- Born: November 30, 1919 Suzhou, China
- Died: February 3, 2008 (aged 88) Fairfax, Virginia
- Education: University of Chicago
- Known for: impact metamorphism
- Awards: Barringer Medal (1992)
- Scientific career
- Fields: Geology
- Workplaces: U.S. Geological Survey

= Edward C. T. Chao =

Chinese geologist (1919–2008)

Edward Ching-Te Chao (趙景德; November 30, 1919 – February 3, 2008) was one of the founders of the field of impact metamorphism, the study of the effects of meteorite impacts on the Earth's crust.

Born in Suzhou, China, he was best known for discovering two high-pressure forms of silica in nature: coesite and stishovite.

==Early life==
Chao was born in Suzhou, China. He was the son of theologian T. C. Chao. He was the grandfather of Johanna Chao Kreilick.

==Career==
Chao came to the United States in 1945 to teach Chinese to American troops. He then attended the University of Chicago and was granted a PhD in geology in 1948. In 1949, he was employed by the United States Geological Survey (USGS), where he spent his entire professional career until retiring in 1994.

==Scientific contributions==
Chao worked on a variety of topics over the course of his USGS career, including engineering geology, economic geology, and coal petrology.
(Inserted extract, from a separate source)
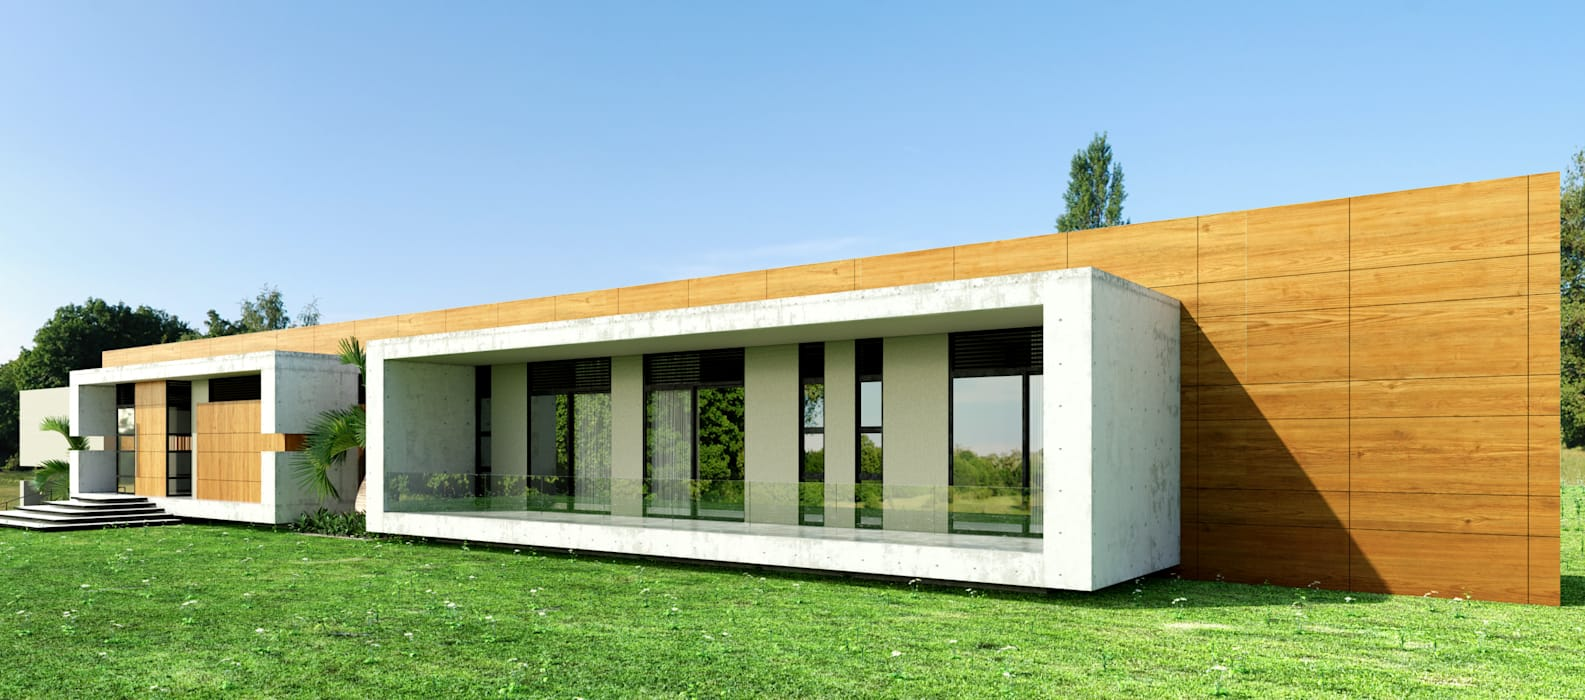 Casa Conjunto residencial Las Victorias / Ibagué - Colombia Casas de estilo minimalista de Taller 3M Arquitectura & Construcción Minimalista Concreto

However, he was best known for his work on impact geology and tektites. Shortly after he began work on tektites in 1960, Chao was given a sample of sandstone from the vicinity of Meteor Crater, Arizona. From this material, he was able to isolate an unusual mineral with high refractive index, which he showed to be a high-pressure polymorph of silicon dioxide. He named the new mineral coesite in honor of the scientist who had synthesized the same phase in the laboratory seven years earlier. Several years later, Chao found a second high-pressure polymorph of silica in these rocks. It, too, had been previously synthesized in laboratory studies, but was not known to occur in nature. He named this mineral stishovite in honor of the person who had first made it, Russian physicist, Sergei Stishov. Coesite and stishovite became known as hallmarks of impact crater events, which were essentially the only natural processes that produced high enough pressures to transform ordinary quartz into both of these dense minerals. Chao went on to find coesite and stishovite in rocks from the Ries Crater in Bavaria, Germany, establishing that this structure was also produced by impact cratering.

Chao made many pioneering studies on tektites, and discovered the occurrence of iron-nickel metal in specimens from the Philippines. This helped establish that tektites were produced in meteorite impacts. He also recognized that tektites showed evidence for passage through Earth's atmosphere, which led him to the conclusion that the impacts responsible for tektites occurred on the Moon, a view that is no longer widely held among scientists.

His work on Moon rocks included being a member of preliminary examination teams and
a principal investigator during the Apollo 11-17 research programs.

==Publications==

- Comparative water-quality assessment of the Hai He River basin in the People's Republic of China and three similar basins in the United States U.S. Geological Survey Professional Paper No. 1647 (2001)
- Comparison of the Cretaceous-Tertiary boundary impact events and the 0.77-Ma Australasian tektite event; relevance to mass extinction U.S. Geological Survey Bulletin No. 2050 (1993)
- Allocation of subsamples of Apollo 17 lunar rocks from the boulder at station 7, for study by the International Consortium U.S. Geological Survey Open-File Report No. 78-511 (1978)
- ' U.S. Geological Survey Professional Paper No. 887 (1976)

==Honors==
Chao received the John Price Wetherill Medal from the Franklin Institute and, in 1992, the Barringer Medal from the Meteoritical Society for his work in impact geology. He was a recipient of the Alexander von Humboldt Foundation Senior U.S. Scientist Award, and had an asteroid named for him, 3906 Chao. The mineral chaoite, an impact-produced form of carbon discovered at the Ries Crater, was also named in his honor.